Extracted records
════════════════════

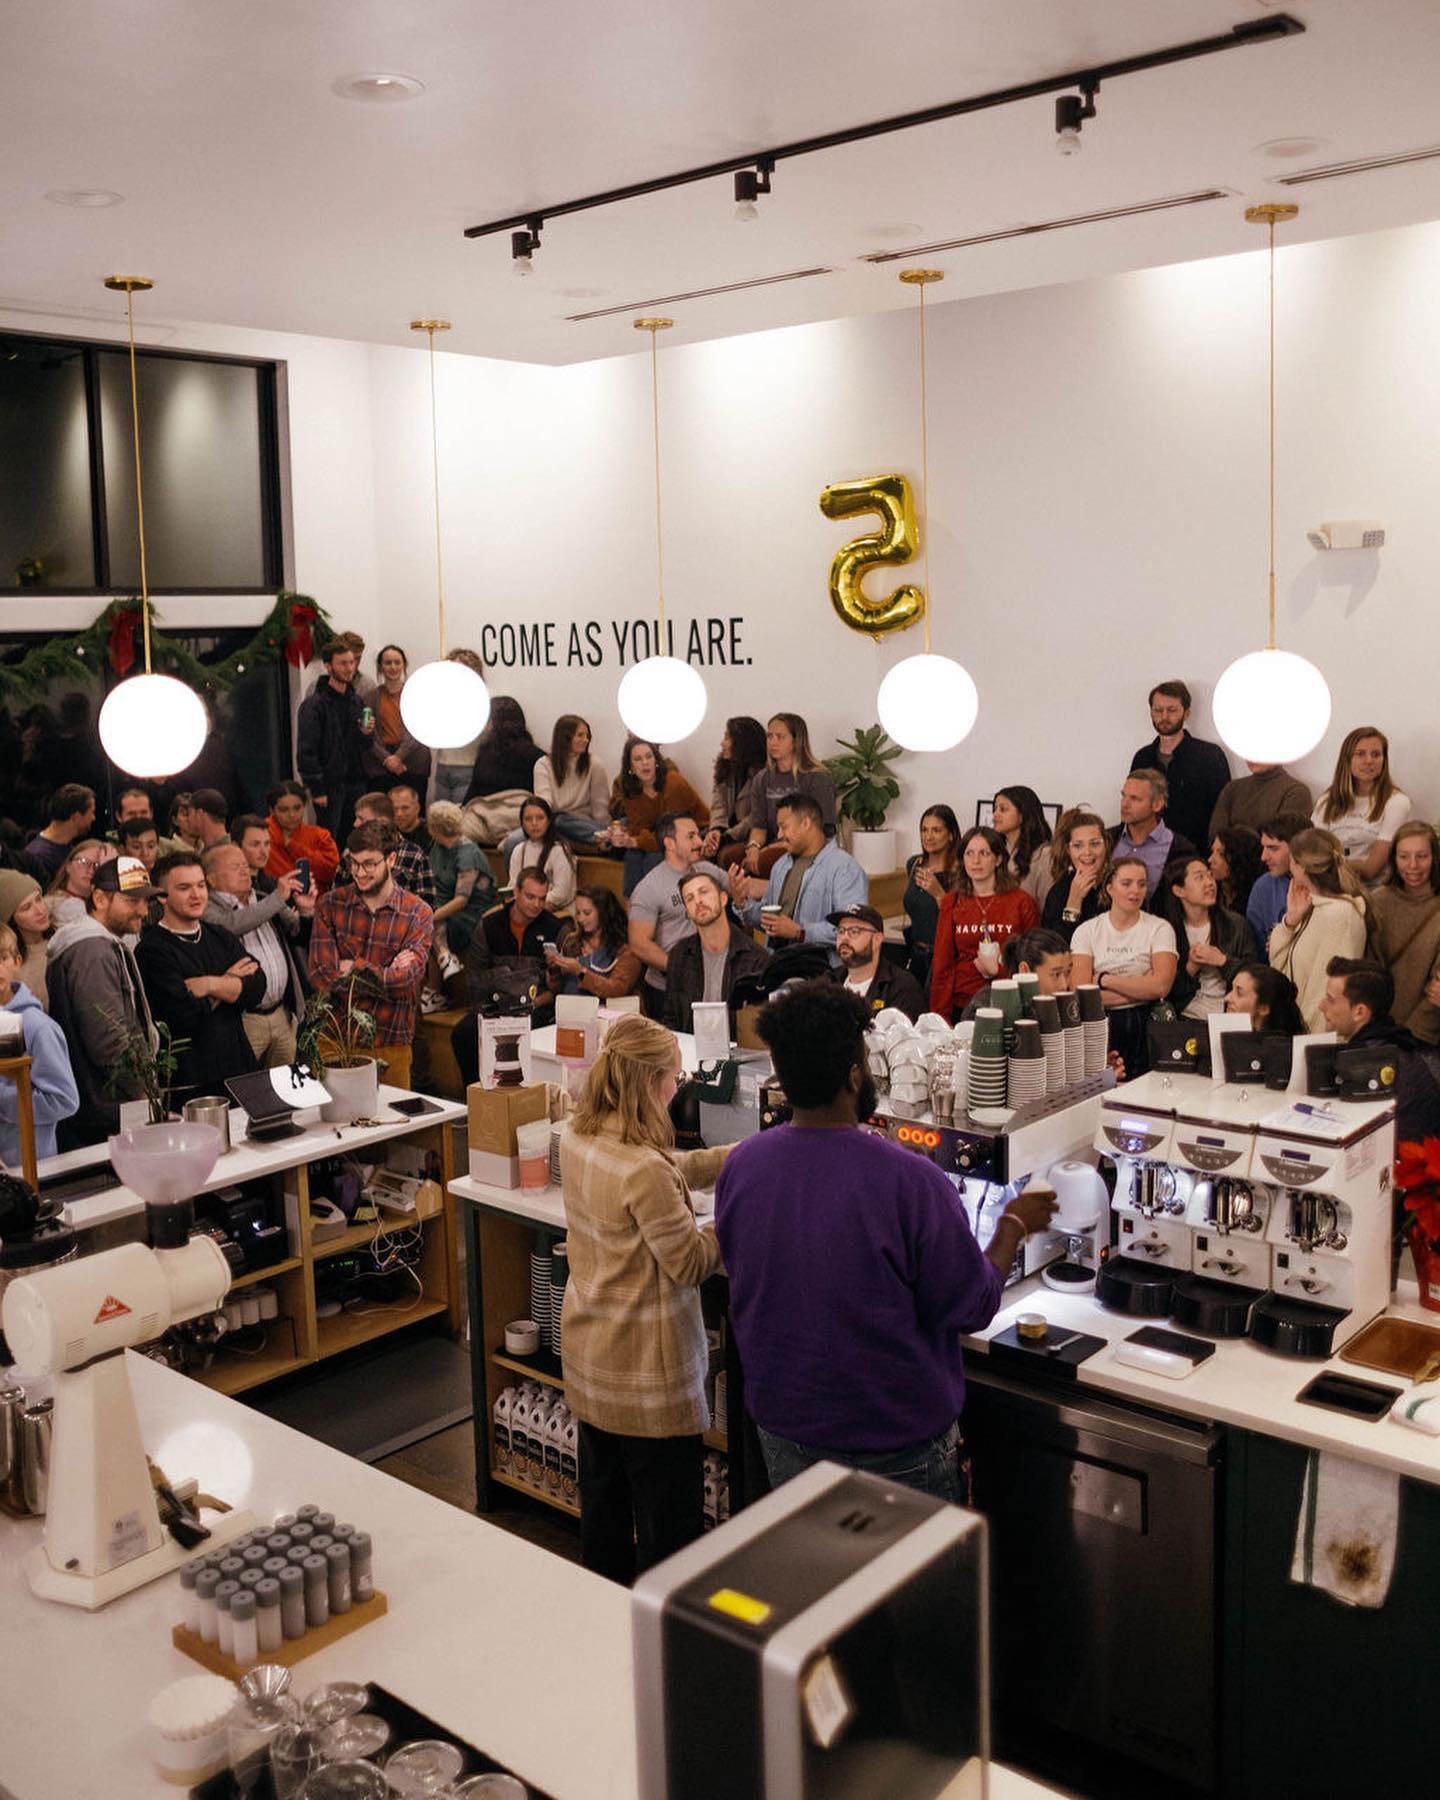 Throwback to the THROWDOWN! There was no better way to celebrate year 5. Thanks to all who attended and participated! 

TOP THREE:
🥇 @capp4tim (Jubala)
🥈 Andrew (Jubala)
🥉 @oliviakgwyn (Fount)

SPONSORS:
@counterculturecoffee @blackwhiteroasters @

════════════════════

* Work item: Output the entries above exactly. Drop the pictures.

* Answer:
 Throwback to the THROWDOWN! There was no better way to celebrate year 5. Thanks to all who attended and participated! 

TOP THREE:
🥇 @capp4tim (Jubala)
🥈 Andrew (Jubala)
🥉 @oliviakgwyn (Fount)

SPONSORS:
@counterculturecoffee @blackwhiteroasters @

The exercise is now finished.